Whereas the following would succeed, returning a metadata object whose shape includes 0 values:

metadata = RasterMetadata.from_url(url, bounds=bounds, require_overlap=False)
print(metadata.shape)
(0, 0)

This behavior can be useful for search routines. For example, you could use something like the following to find an intersecting tile:

tiles = [url]  # This would have many more URLs in it
for tile in tiles:
    metadata = RasterMetadata.from_url(url, bounds=bounds, require_overlap=False)
    if 0 in metadata.shape:
        continue

Other Creation Methods

There are other ways to obtain RasterMetadata objects, beyond the factory methods. The most common way is to query the metadata property of a Raster object. For example:

raster = Raster.from_file('examples/raster.tif')
metadata = raster.metadata
print(metadata)
RasterMetadata:
    Shape: (50, 75)
    Dtype: int16
    NoData: -999
    CRS("NAD83 / UTM zone 11N")
    Transform(dx=10.0, dy=-10.0, left=0.0, top=0.0, crs="NAD83 / UTM zone 11N")
    BoundingBox(left=0.0, bottom=-500.0, right=750.0, top=0.0, crs="NAD83 / UTM zone 11N")

You can also create RasterMetadata objects using the constructor. This can allow advanced users to build custom RasterMetadata objects from scratch. Please read the API if you are interested in this topic.

Preprocessing

You can also use the RasterMetadata class to determine the metadata of rasters that would result from various preprocessing operations. Currently, the class supports the following methods:

  • fill,

  • buffer,

  • clip, and

  • reproject

The find and set_range methods are not explicitly supported, because they primarily act on a raster’s data array.

When calling one of these preprocessing methods, the metadata for the resulting dataset is returned as output. For example, let’s load the metadata for our example dataset:

metadata = RasterMetadata.from_file('examples/raster.tif')
print(metadata)
RasterMetadata:
    Shape: (50, 75)
    Dtype: int16
    NoData: -999
    CRS("NAD83 / UTM zone 11N")
    Transform(dx=10.0, dy=-10.0, left=0.0, top=0.0, crs="NAD83 / UTM zone 11N")
    BoundingBox(left=0.0, bottom=-500.0, right=750.0, top=0.0, crs="NAD83 / UTM zone 11N")

We can use the reproject command to determine how reprojection options would alter the dataset:

metadata.reproject(crs=4326)
RasterMetadata:
    Shape: (50, 75)
    Dtype: int16
    NoData: -999
    CRS("WGS 84")
    Transform(dx=8.959056632837322e-05, dy=-9.019459346488628e-05, left=-121.48874389822696, top=0.0, crs="WGS 84")
    BoundingBox(left=-121.48874389822696, bottom=-0.004509729673244314, right=-121.48202460575233, top=0.0, crs="WGS 84")

The clip command shows how clipping would alter the dataset:

metadata.clip(bounds = [0, -250, 500, 0])
RasterMetadata:
    Shape: (25, 50)
    Dtype: int16
    NoData: -999
    CRS("NAD83 / UTM zone 11N")
    Transform(dx=10.0, dy=-10.0, left=0.0, top=0.0, crs="NAD83 / UTM zone 11N")
    BoundingBox(left=0.0, bottom=-250.0, right=500.0, top=0.0, crs="NAD83 / UTM zone 11N")

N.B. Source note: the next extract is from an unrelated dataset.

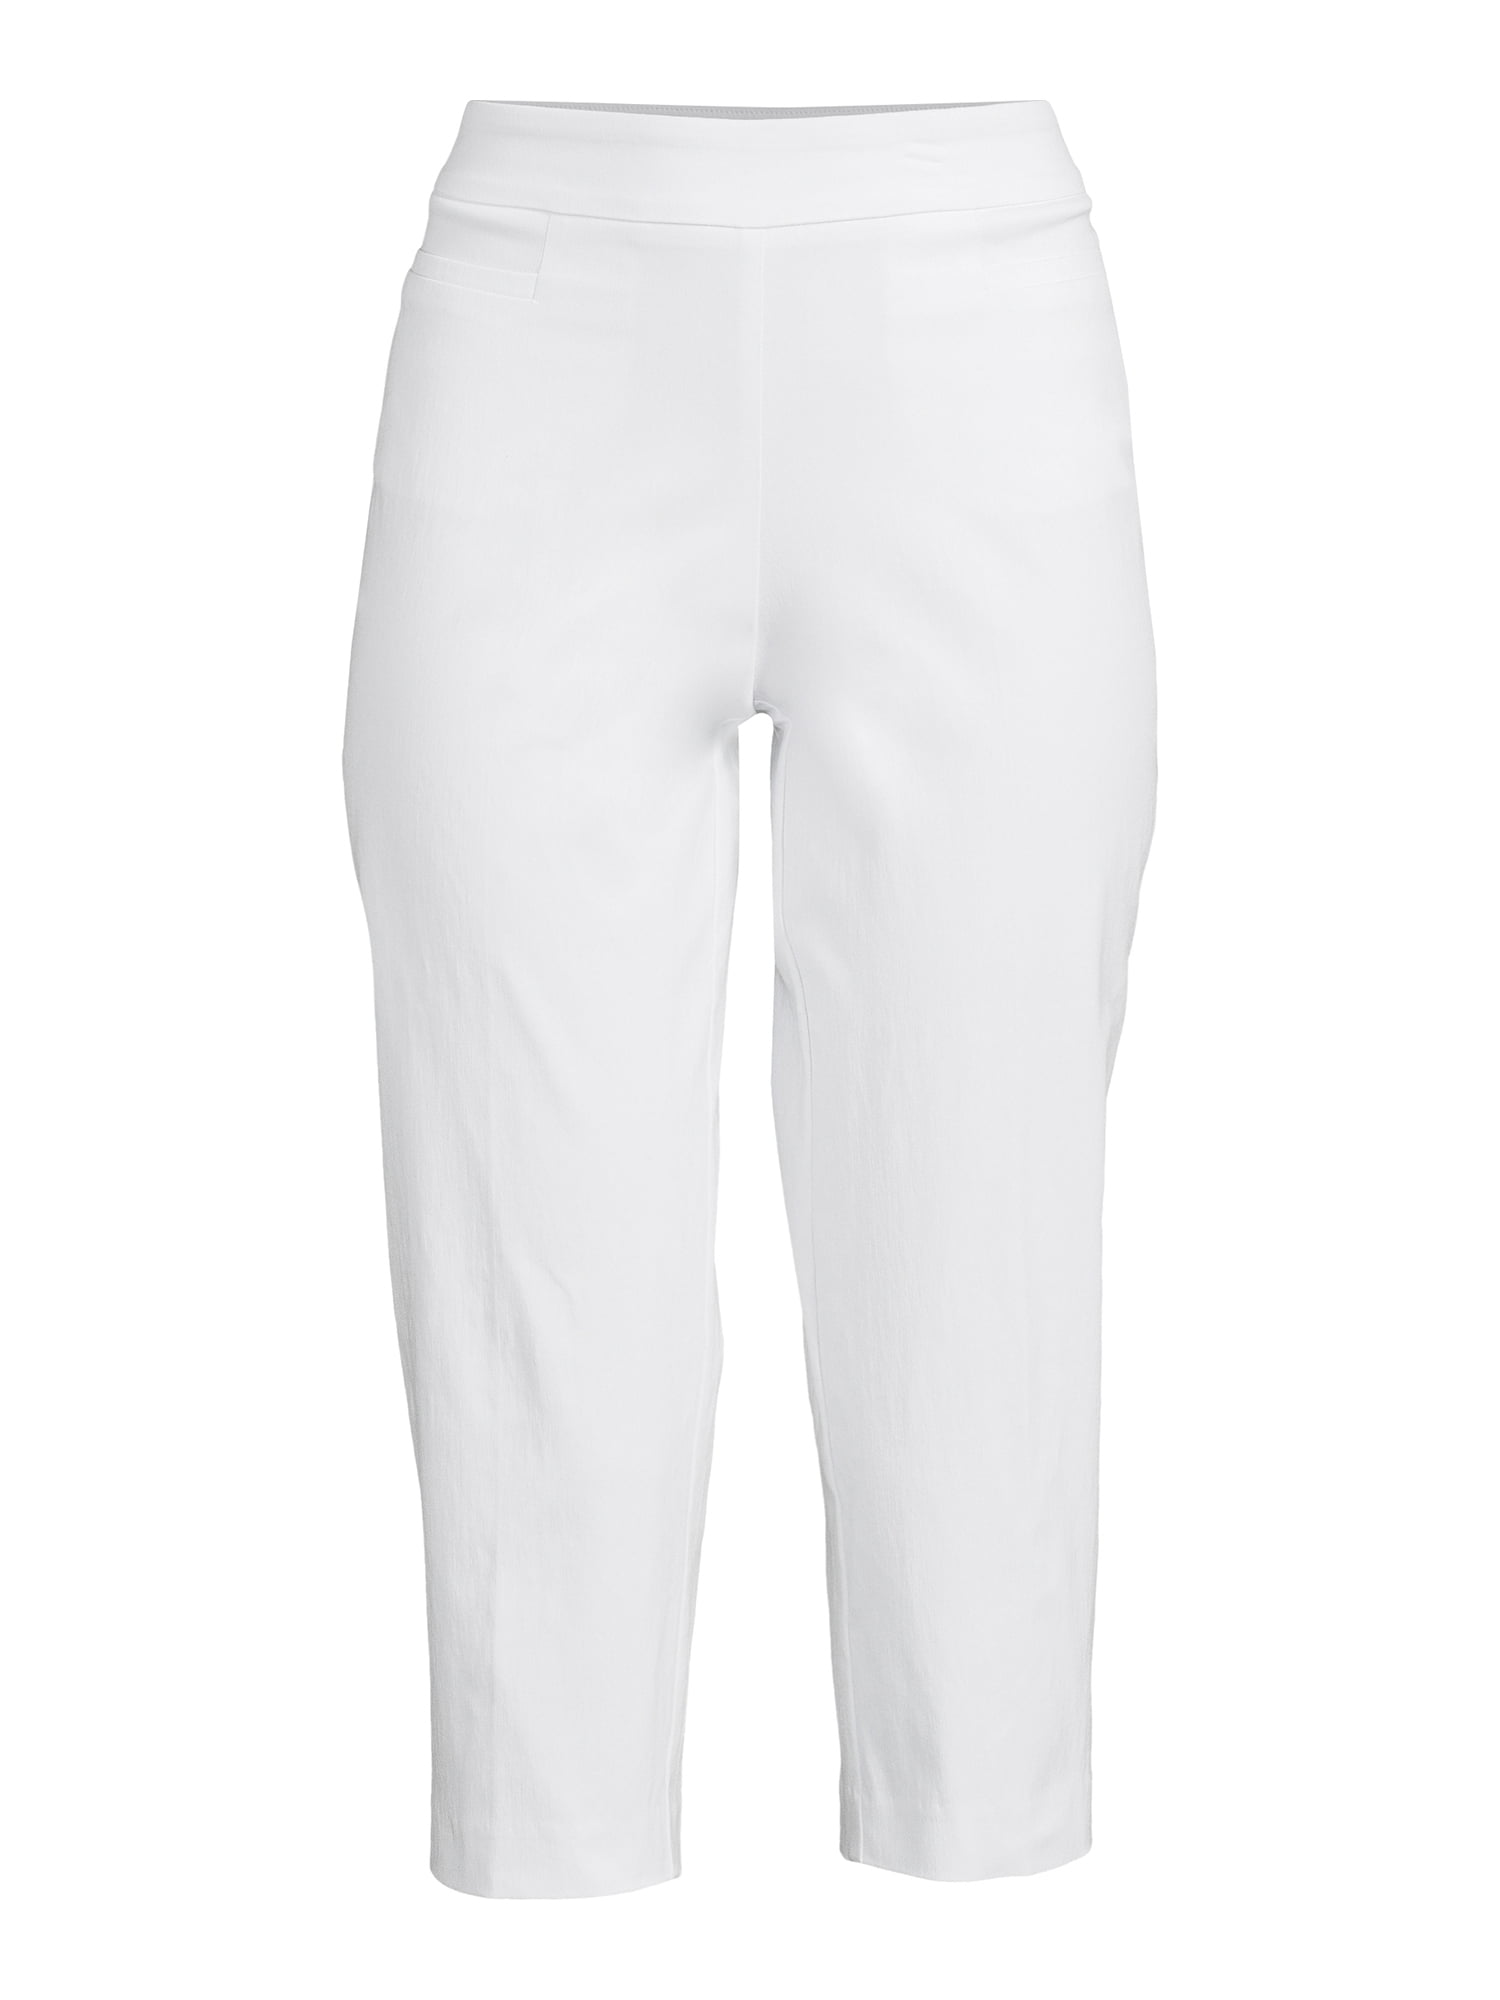 Time and Tru, women's fitted stretch capri pants, XL (16-18), white, new,  with

The buffer command shows the effects of buffering the bounding box:

metadata.buffer(3, 'kilometers')
RasterMetadata:
    Shape: (650, 675)
    Dtype: int16
    NoData: -999
    CRS("NAD83 / UTM zone 11N")
    Transform(dx=10.0, dy=-10.0, left=-3000.0, top=3000.0, crs="NAD83 / UTM zone 11N")
    BoundingBox(left=-3000.0, bottom=-3500.0, right=3750.0, top=3000.0, crs="NAD83 / UTM zone 11N")

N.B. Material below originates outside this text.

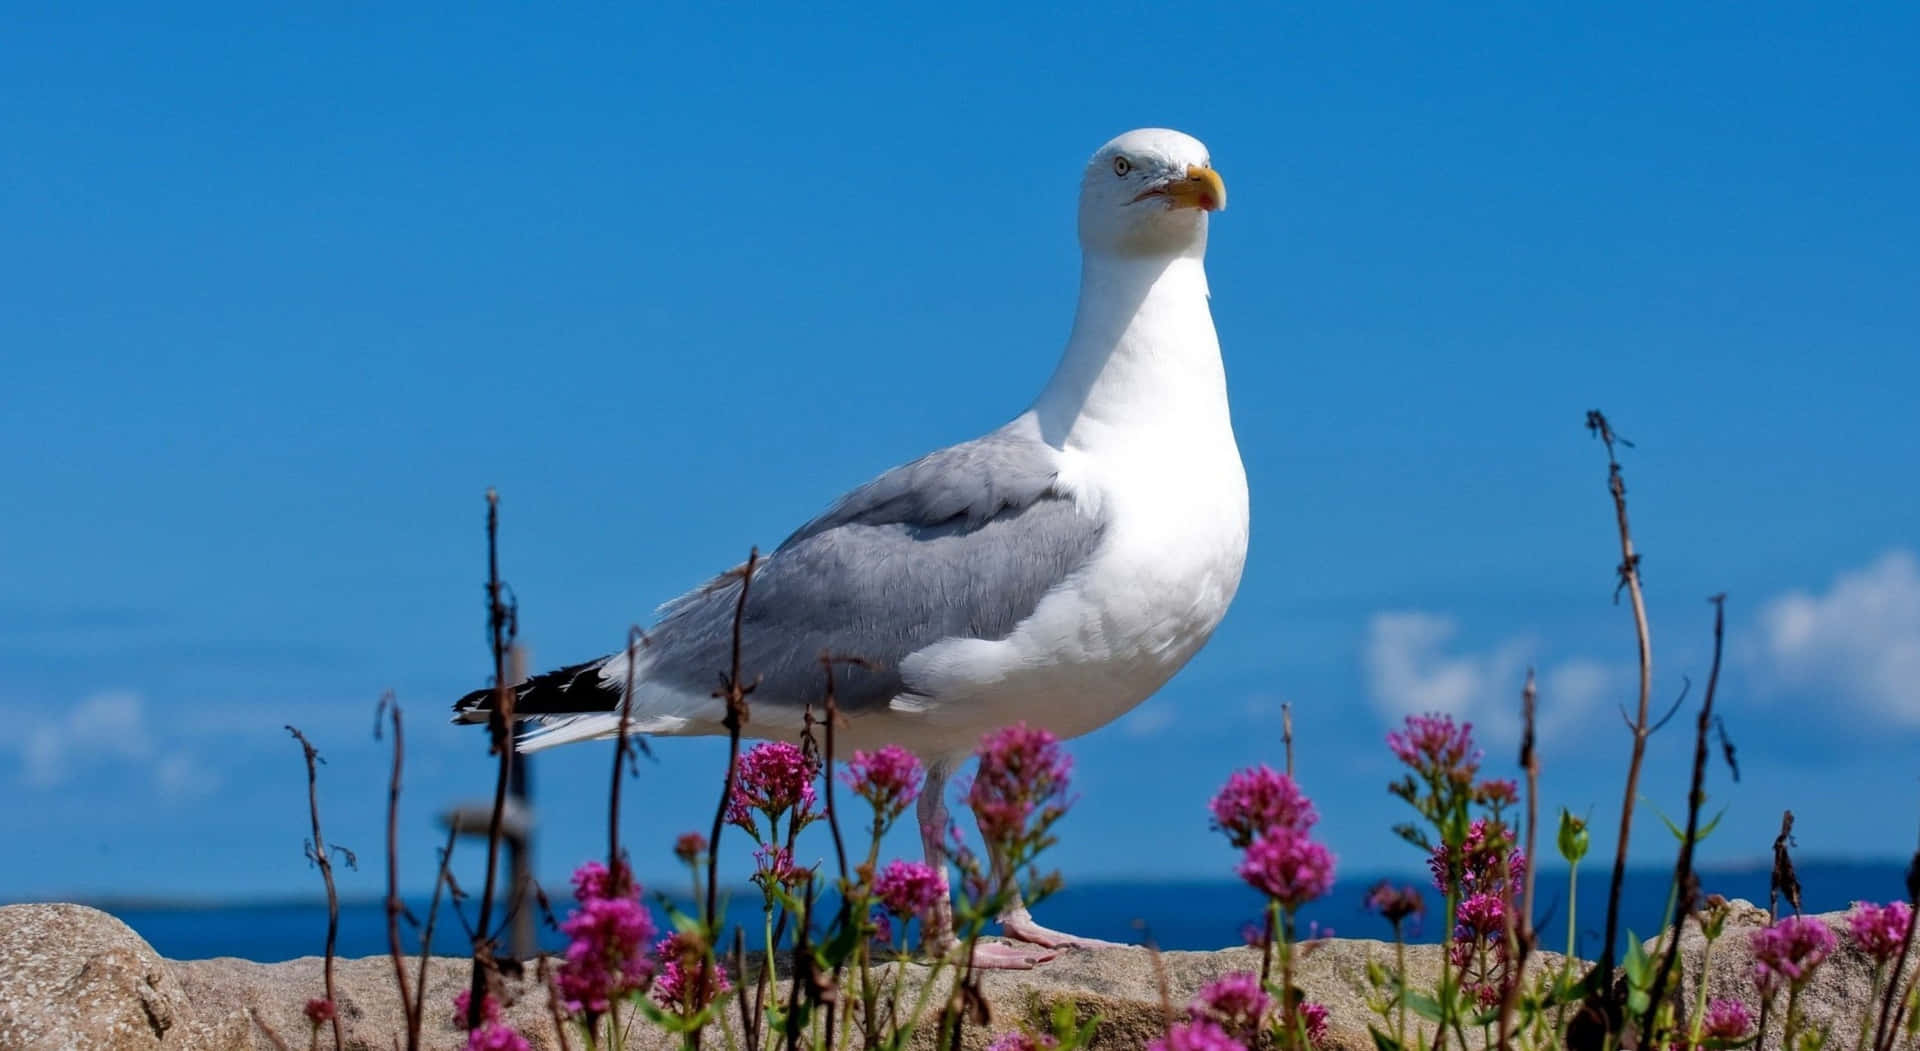 Majestic seagull soaring over the ocean Wallpaper

and fill returns metadata lacking a NoData value:

metadata.fill()
RasterMetadata:
    Shape: (50, 75)
    Dtype: int16
    NoData: None
    CRS("NAD83 / UTM zone 11N")
    Transform(dx=10.0, dy=-10.0, left=0.0, top=0.0, crs="NAD83 / UTM zone 11N")
    BoundingBox(left=0.0, bottom=-500.0, right=750.0, top=0.0, crs="NAD83 / UTM zone 11N")

Conclusion

In this tutorial, we introduced the RasterMetadata class and some of its key commands. This included:

  • metadata properties,

  • factory methods,

  • how to obtain a metadata object from a raster object, and

  • preprocessing methods.

We note that this tutorial is only introduction, so the RasterMetadata class includes more advanced commands not explored here. Please read the API for a complete guide to the class.